About the study design, the analysis is a descriptive observational study. Specifically, it is a population-based ecological study. Generally, in epidemiological studies it constitutes a level of basic evidence. This type of study does not allow a causal relationship; but it constitutes useful exploratory approach [59]. Another limitation of the study consist in the lock-down period, this period was completely anomalous in terms of the decrease in air pollutants levels. This determines people exposure, which was different from usual situation. For example, in the analysis conducted, the impact of ozone concentrations on health was not included, due to previous analysis performed in Madrid city [60] have concluded that the threshold for ozone values from which effects on health are detected is over 60 µg/m3 (daily average). This value was not reached any day in the study period.
On the other hand, the conditions under which the data were obtained correspond to a period in which the declaration of cases only occurred when people already presented important symptoms of the disease.

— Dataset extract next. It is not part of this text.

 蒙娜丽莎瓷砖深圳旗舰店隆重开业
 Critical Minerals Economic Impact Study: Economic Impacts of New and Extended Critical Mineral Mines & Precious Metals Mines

The study conducted by the authors corresponds to an ecological time series design, with all the epidemiological limitations inherent in this type of study, especially the ecological fallacy. Both of the aforementioned points show the need for prudence in extrapolating the results to other situations in time other than those corresponding to the time this study was carried out. Nevertheless, this study could be evaluated with other methodologies that could complement the analysis carried out, a methodology such as propensity score matching [61], even a cohort study could help to improve the quality of observed findings. However, due to the immediacy of the COVID-19, there has not been enough time to carry out a follow-up study to guarantee better scientific evidence. On the other hand, the time series analysis methodology used has been previously implemented in Spain, for example, studying the relationship between COVID-19 and environmental variables such as traffic noise [62] and analyzing the effect of particulate matter from Sahara dust in the incidence of COVID-19 [40]. In addition, there are other examples using time series design to analyze the association between COVID-19 and air pollution carried out in Italy [63], France [64], United Kingdom [65], China [66], and Latin America [67]. Finally, ecological studies are a very efficient tool for making decisions in public health at the short-term [68] and very useful in the context of the current pandemic to identify environmental risks factors. Later studies will carry out a more in-depth and joint analysis of the impact of climate variability, air pollution and other factors that are extrinsic to the transmission of COVID-19.